■ **Exercise requirements**
Each line of the data is to be output verbatim, with the images removed.

■ **Data provided**
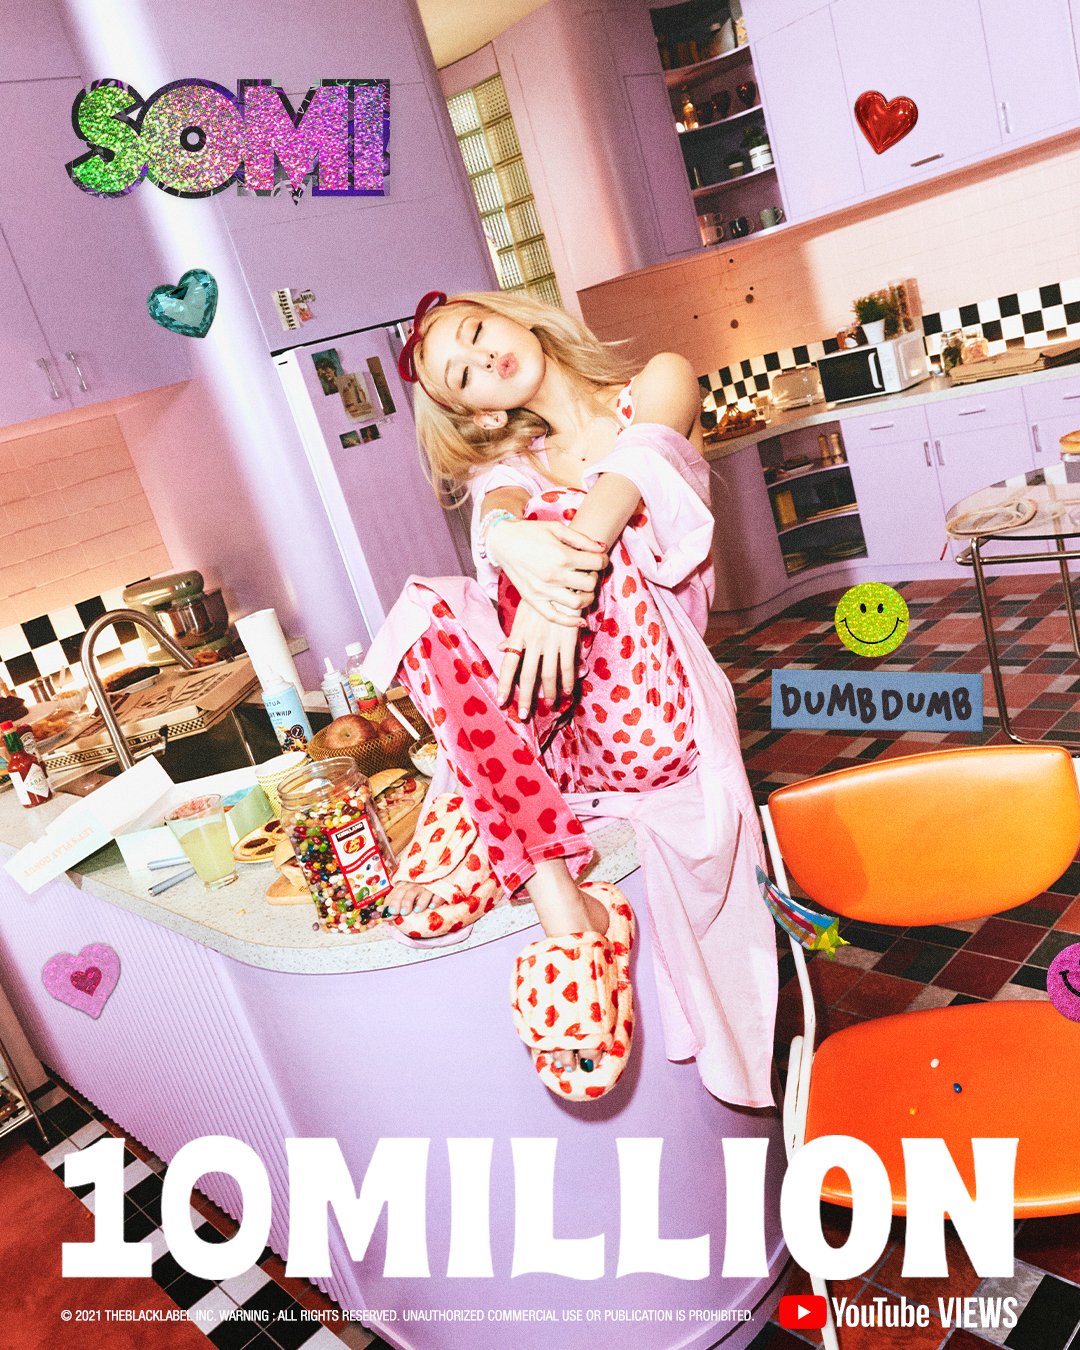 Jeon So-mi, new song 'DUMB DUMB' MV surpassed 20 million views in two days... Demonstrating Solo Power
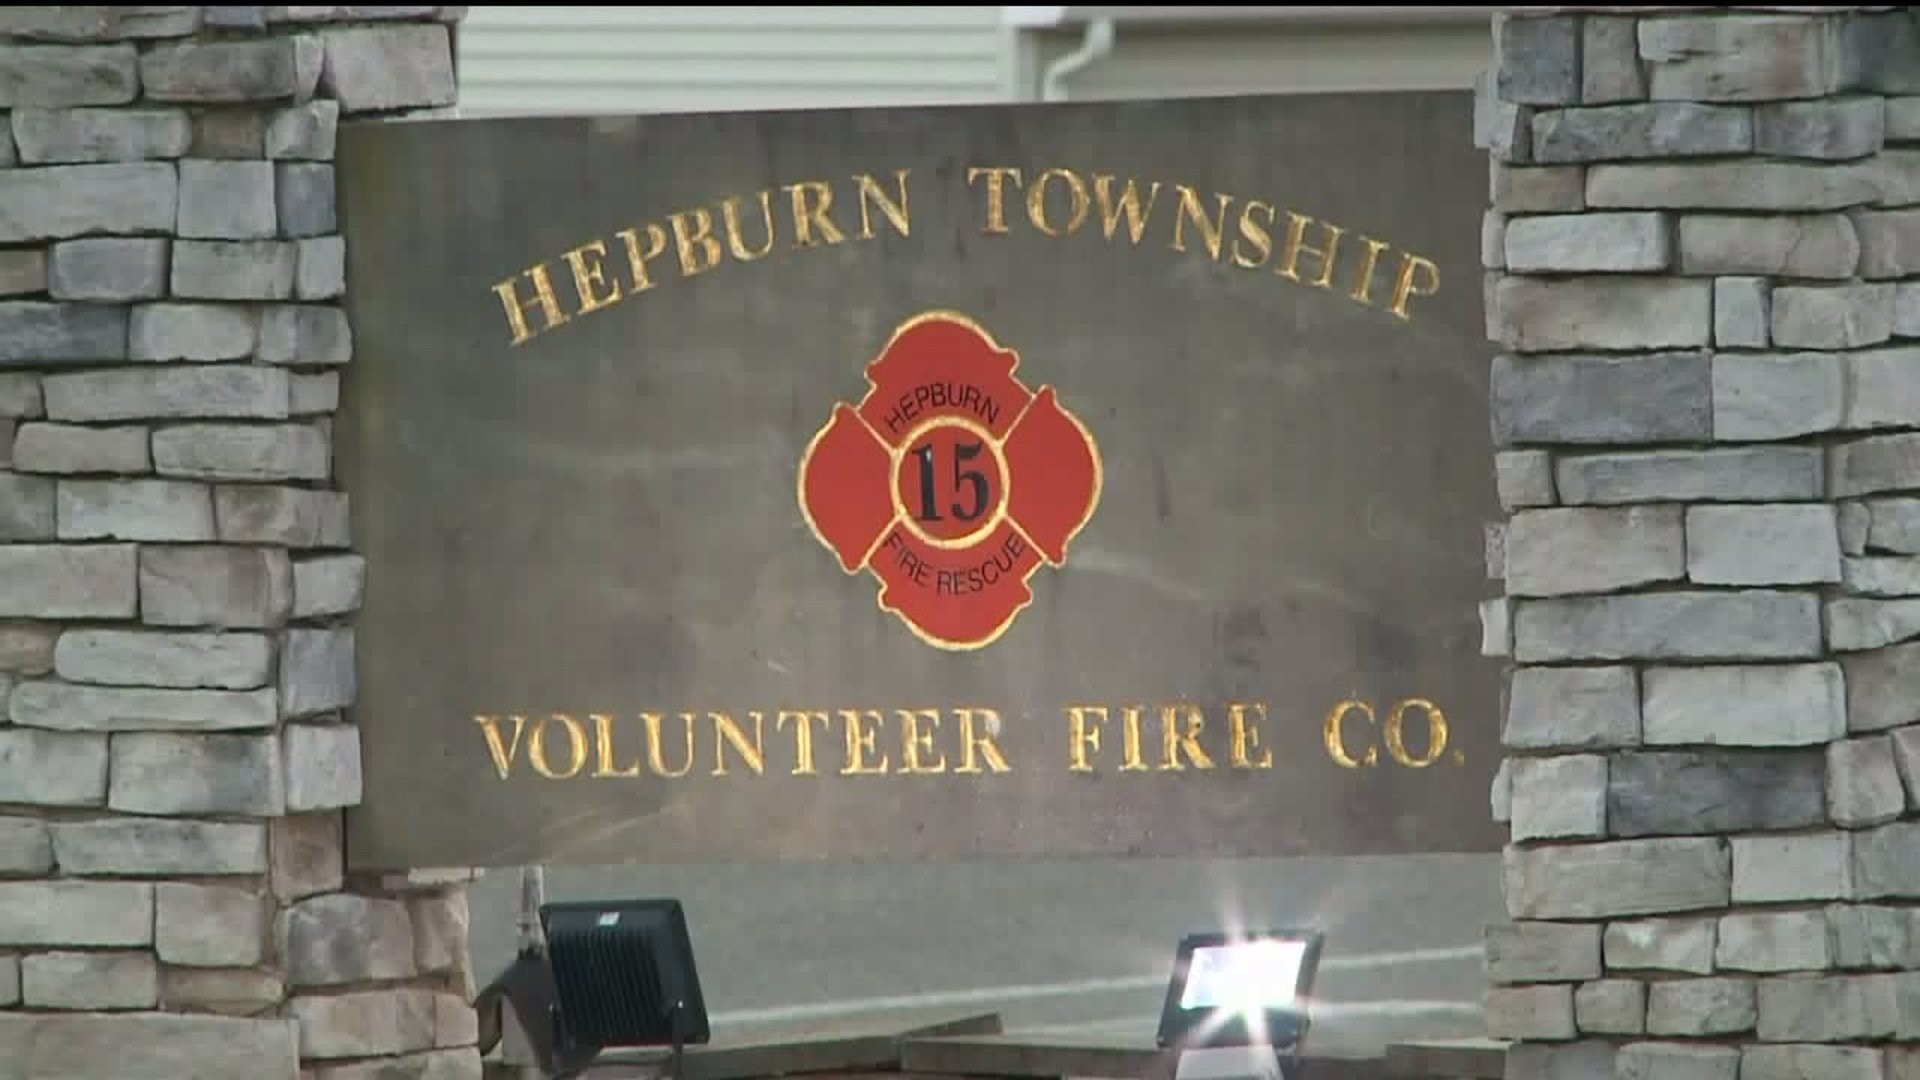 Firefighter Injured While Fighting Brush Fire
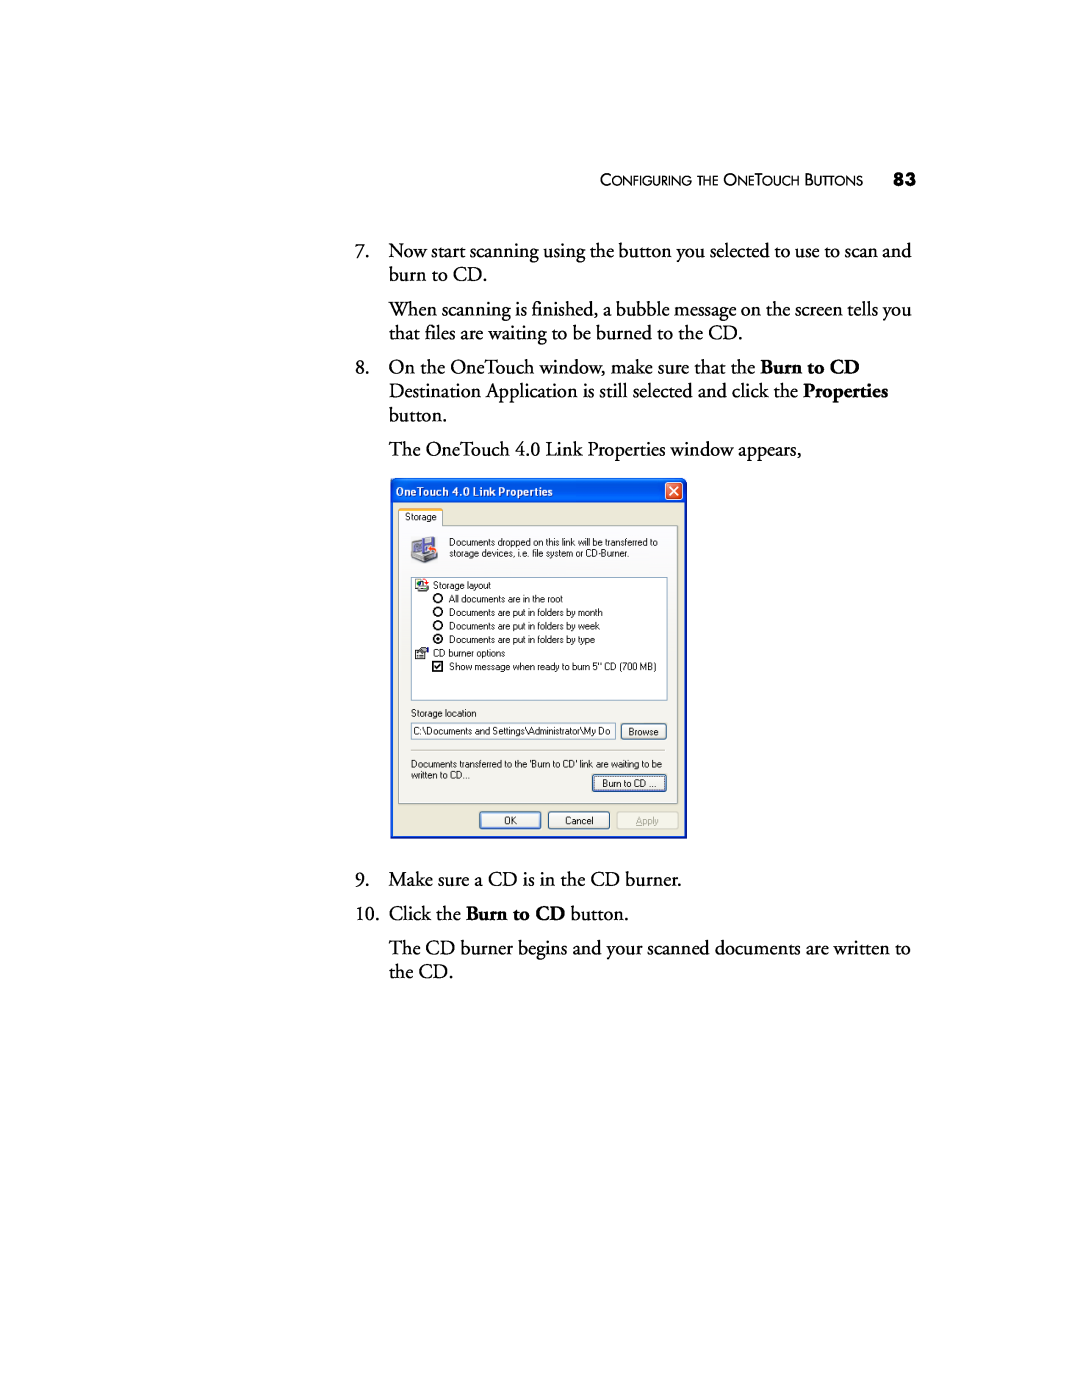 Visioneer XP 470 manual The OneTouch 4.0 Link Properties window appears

■ **Exercise result**
 Jeon So-mi, new song 'DUMB DUMB' MV surpassed 20 million views in two days... Demonstrating Solo Power
 Firefighter Injured While Fighting Brush Fire
 Visioneer XP 470 manual The OneTouch 4.0 Link Properties window appears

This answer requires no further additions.